Fever of Unknown Origin (FUO)



  • Classic definition
    • Repeated fever <38.3°C
    • Fever duration at least 3 weeks
    • Diagnosis remains uncertain (1) after 1 week of study in the hospital.
  • Categories of fever of unknown origin (FUO)
    • Infection, neoplasia, inflammatory (rheumatologic or connective tissue disease), miscellaneous disease, and undiagnosed illness
  • In >50% of cases, no etiology is determined. The three most common underlying mechanisms for FUO are infection, malignancy, and systemic rheumatic or connective tissue diseases (2).


The exact incidence is not known.

The definition of fever with unresolved cause (true FUO) is difficult, as it is a moving target, given the constant advancement of imaging and biomarker analysis. Therefore, the prevalence of FUO is unknown.

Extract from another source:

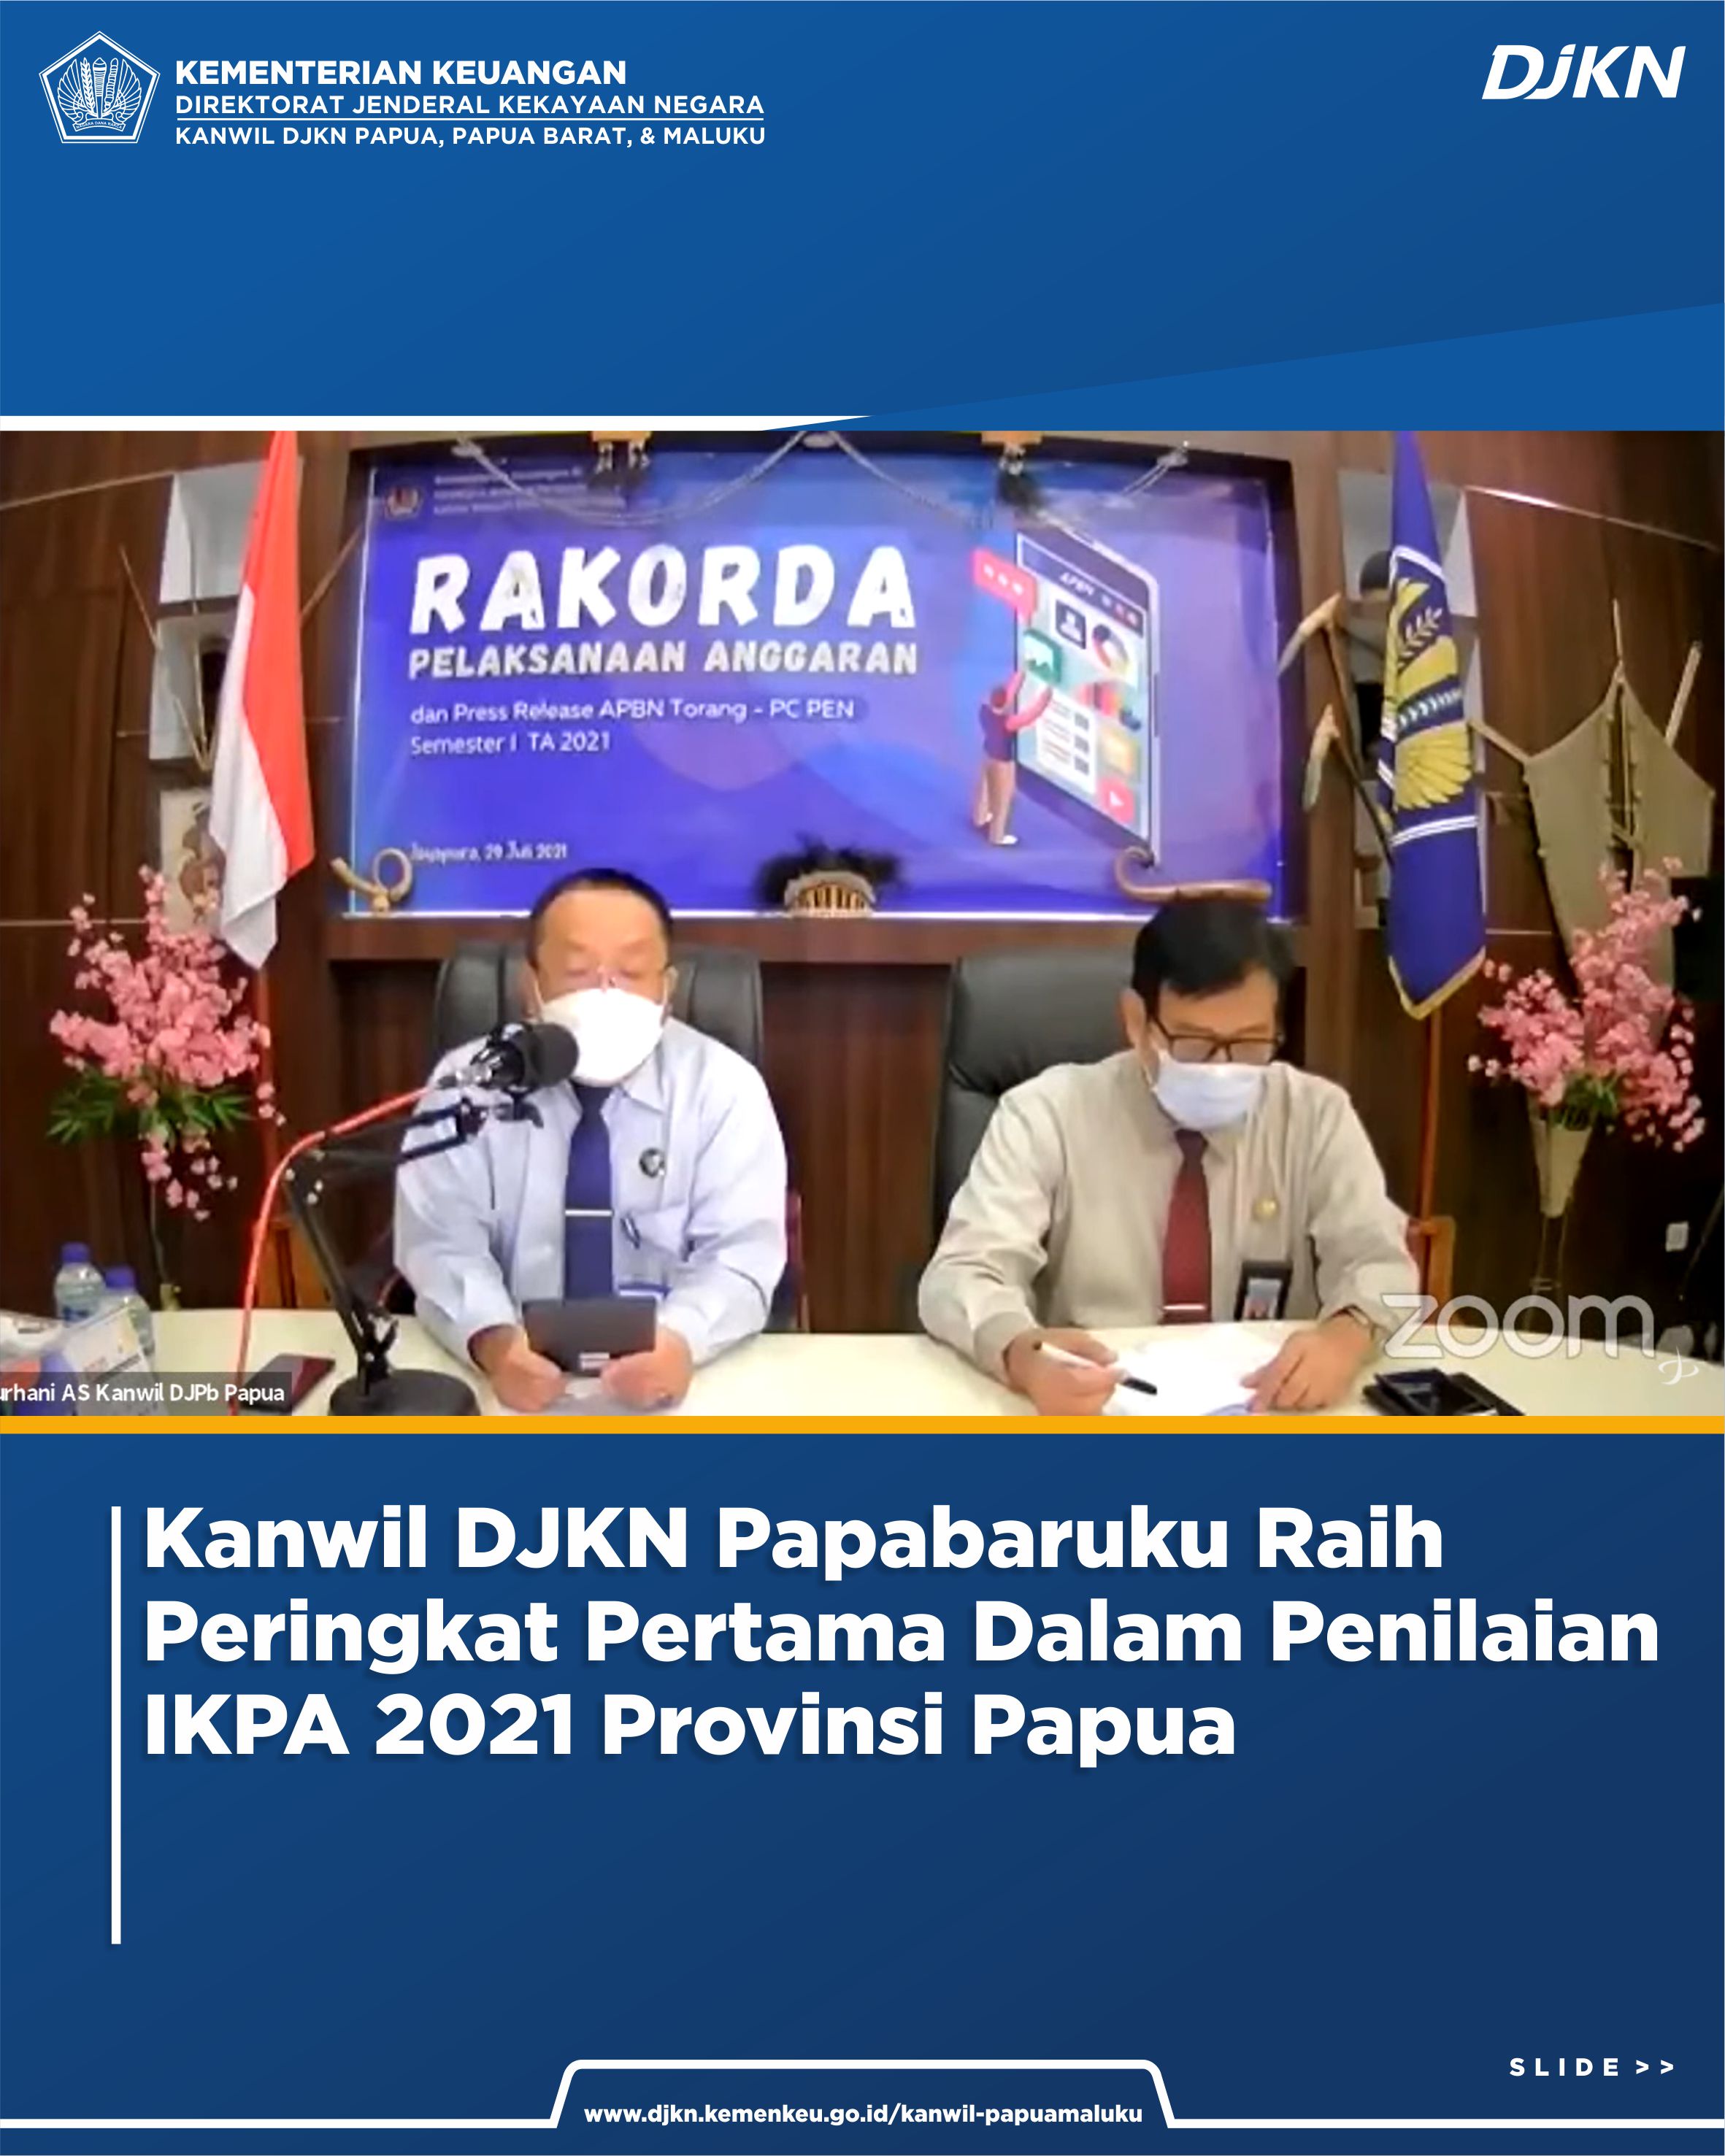 Kanwil DJKN Papua, Papua Barat, dan Maluku Meraih Penghargaan Terbaik Pertama dalam Penilaian IKPA 2021 Provinsi Papua

Etiology and Pathophysiology

  • True FUO are uncommon; most frequently, FUO is an atypical presentation of a common condition.
  • Spectrum of causes varies widely.
    • Higher percentage of infectious causes in developing countries compared to developed countries
    • Although infection is the most common cause of FUO in developed countries, there is a higher incidence of noninfectious inflammatory disease when compared to developing countries.
  • Infection
    • Abdominal or pelvic abscesses
    • Amebic hepatitis
    • Catheter infections
    • Cytomegalovirus
    • Dental abscesses
    • Endocarditis/pericarditis
    • HIV (advanced stage)
    • Mycobacterial infection (often with advanced HIV)
    • Osteomyelitis
    • Pyelonephritis or renal abscess
    • Sinusitis
    • Wound infections
    • Other miscellaneous infections
  • Neoplasms
    • Atrial myxoma
    • Colorectal cancer and other GI malignancies
    • Hepatoma
    • Lymphoma
    • Leukemia
    • Solid tumors (renal cell carcinoma)
  • Noninfectious inflammatory disease
    • Connective tissue diseases
      • Adult Still disease
      • Rheumatoid arthritis
      • Systemic lupus erythematosus
    • Granulomatous disease
      • Crohn disease
      • Sarcoidosis
    • Vasculitis syndromes
      • Giant cell arteritis
      • Polymyalgia rheumatica
  • Other causes
    • Alcoholic hepatitis
    • Cerebrovascular accident
    • Cirrhosis
    • Medications
      • Allopurinol, captopril, carbamazepine, cephalosporins, cimetidine, clofibrate, erythromycin, heparin, hydralazine, hydrochlorothiazide, isoniazid, meperidine, methyldopa, nifedipine, nitrofurantoin, penicillin, phenytoin, procainamide, quinidine, sulfonamides
      • Medication reactions include hypersensitivity, serotonin syndrome, adrenergic fever, neuroleptic malignant syndrome, malignant hyperthermia, anticholinergic fever, DRESS syndrome, chemotherapy/infusion-related reaction, and mitochondrial uncoupling (pesticides/toxins) (1).
    • Endocrine disease
    • Factitious/fraudulent fever
    • Occupational causes
    • Periodic fever
    • Pulmonary emboli/deep vein thrombosis
    • Thermoregulatory disorders
  • In up to 20–30% of cases, the cause of the fever is never identified despite a thorough workup.

Risk Factors

  • Recent travel (malaria, enteric fevers)
  • Exposure to biologic or chemical agents
  • HIV infection (particularly in acute infection and advanced stages)
  • Elderly
  • Drug abuse
  • Immigrants
  • Young, (typically) female health care workers (factitious fever)

Geriatric Considerations
In geriatric populations aged >65 years, noninfectious multisystem diseases, such as polymyalgia rheumatica, giant cell arteritis, and other vasculitides have a higher incidence than infection. Common infectious causes in the elderly are intra-abdominal abscess, urinary tract infections, tuberculosis (TB), and endocarditis. Other common causes of FUO in patients aged >65 years include malignancies (particularly hematologic cancers) and drug-induced fever.

Pediatric Considerations

  • One-third are self-limited undefined viral syndromes. ~50% of FUO in pediatric cases are infectious. Collagen vascular disease and malignancy are the next most common.
  • Inflammatory bowel disease is a common cause of FUO in older children and adolescents.